Is there a way to parse Power Point document?  I could not find the equivalent of the Word and PDF parsers.




PowerPoint 2010 or higher version files (PPTX) are just a compressed folder structure with assets (such as images, videos, etc.) and XML files for properties.Check this link.

Since KNIME can unzip files, traverse folders and load/manipulate XML files, I would assume it is possible to create a PPTX parser out of commonly available KNIME nodes.

As an alternative, you could use a Java Snippet node with the docx4j library here.

Not a full solution, but it might get you on the right track.



Would saving the powerpoint(s) as a pdf or be another option ?

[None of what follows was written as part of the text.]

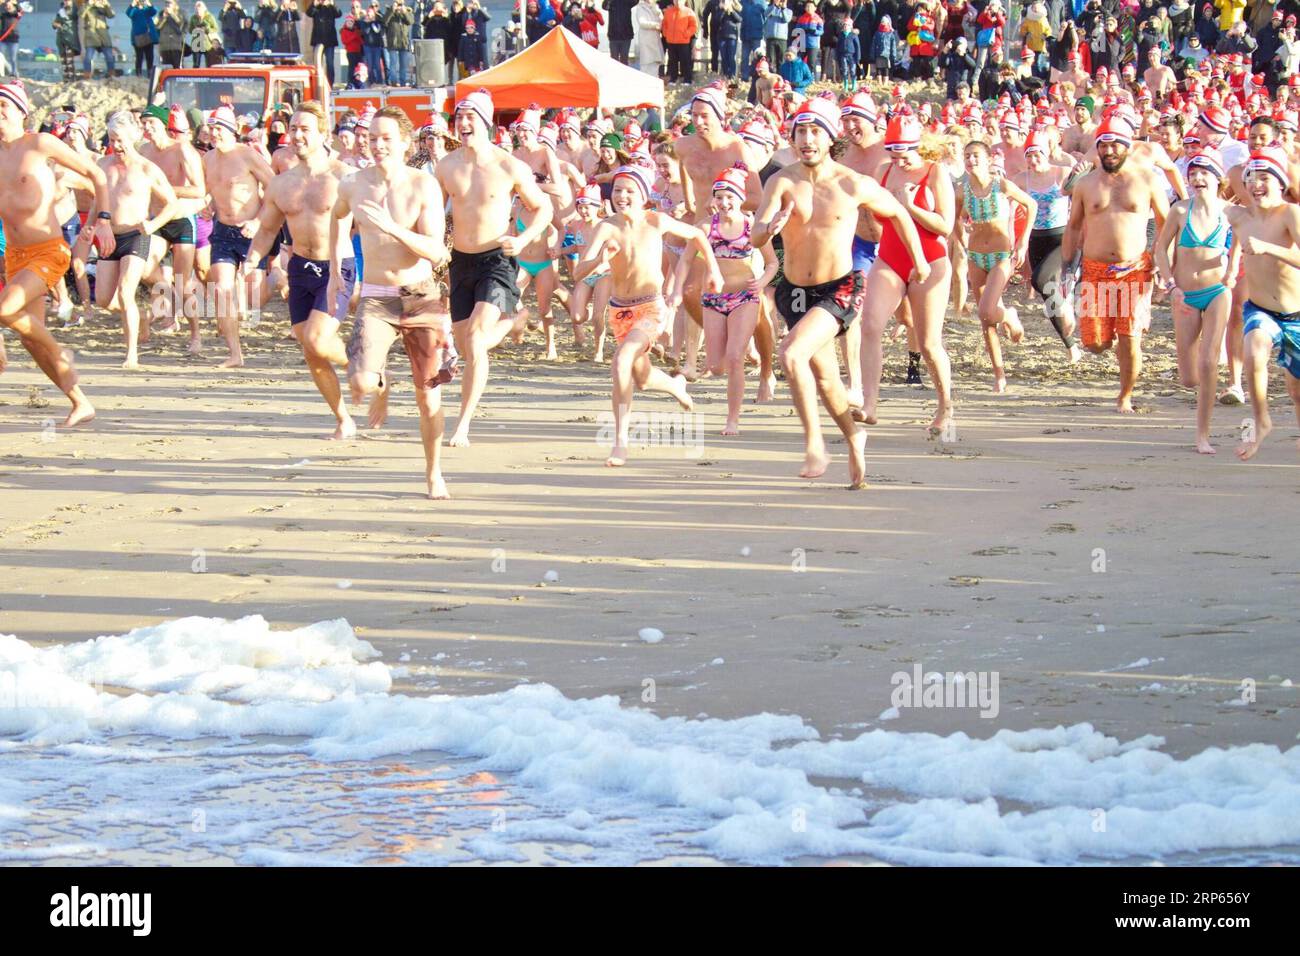 (190102) -- BEIJING, Jan. 2, 2019 -- People swarm into the sea during a traditional New Year s Dip event to celebrate the beginning of the New Year in Bloemendaal aan Zee, the Netherlands, on Jan. 1, 2019. ) XINHUA PHOTOS OF THE DAY XINHUA PHOTOS OF THE DAY SylviaxLederer PUBLICATIONxNOTxINxCHN Stock Photo
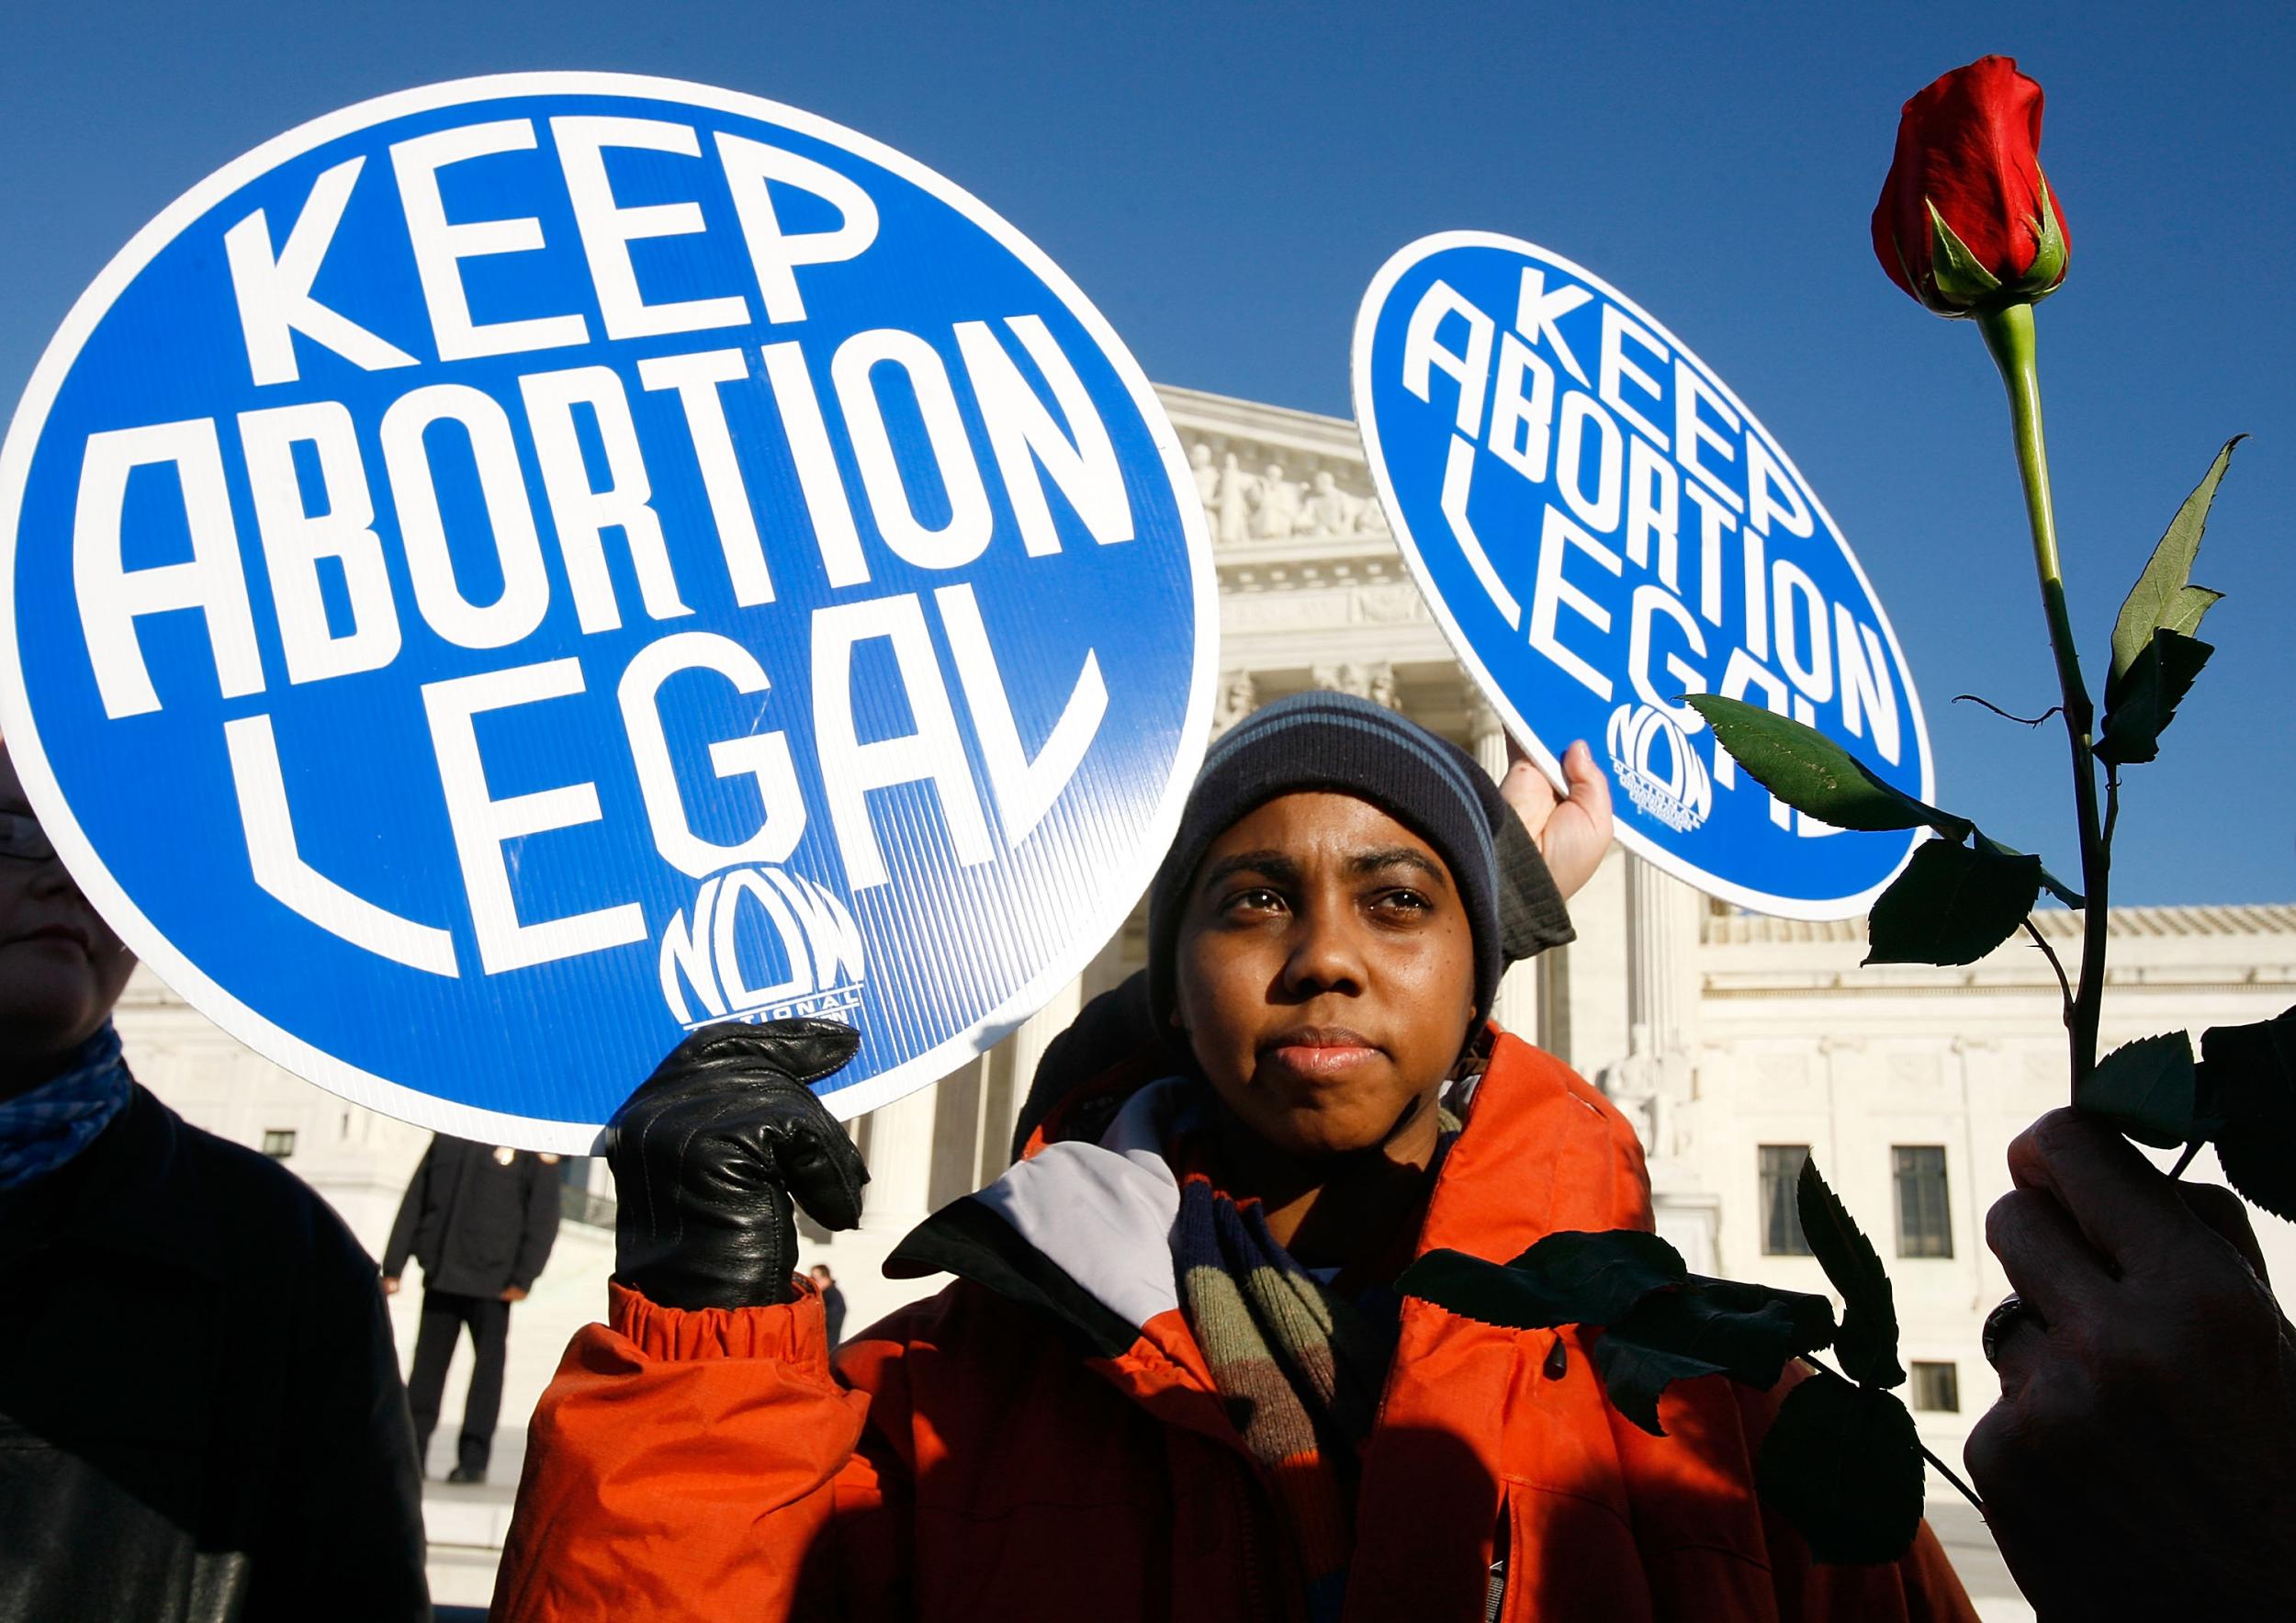 Local pro-choice activist Lisa King holds a sign in front of the U.S. Supreme Court as a pro-life activist holds a rose nearby during the annual 'March for Life' event

In Office 2016 I see an option to save as "Strict Open XML Presentation (*.pptx) which might be another avenue to consider or use the "Create Handouts" to make word documents including the slides and notes or blank lines then use the Word parser.

I'm very new to KNIME but hopefully those suggestions might work for you

PDF is an ungrateful solution compared to an already available XML file structure. In a non-KNIME fashion: simply rename the file ending from pptx to zip, then unzip and look for the file which includes the textual content. I don't think that one even needs to rename the file ending.

I would like to convert a powerpoint presentation into a series of images. One per slide specifically so they can be uploaded as an image gallery to a blog. Does anyone know of any libraries that can convert a .ppt into images. Any language is fine as long as it can run on a *nix server, so no C# or .Net dependent libraries.

A bit off-topic, but you can use the Apache POI library (Java based). There are also ready-made command line tools for that which are based on the same library. Have a look here:




with the next major release 3.3 coming in December we will release new parser nodes that are based on the Tika parsing lib. With these nodes it will be possible to parse Powerpoint as well.

Cheers, Kilian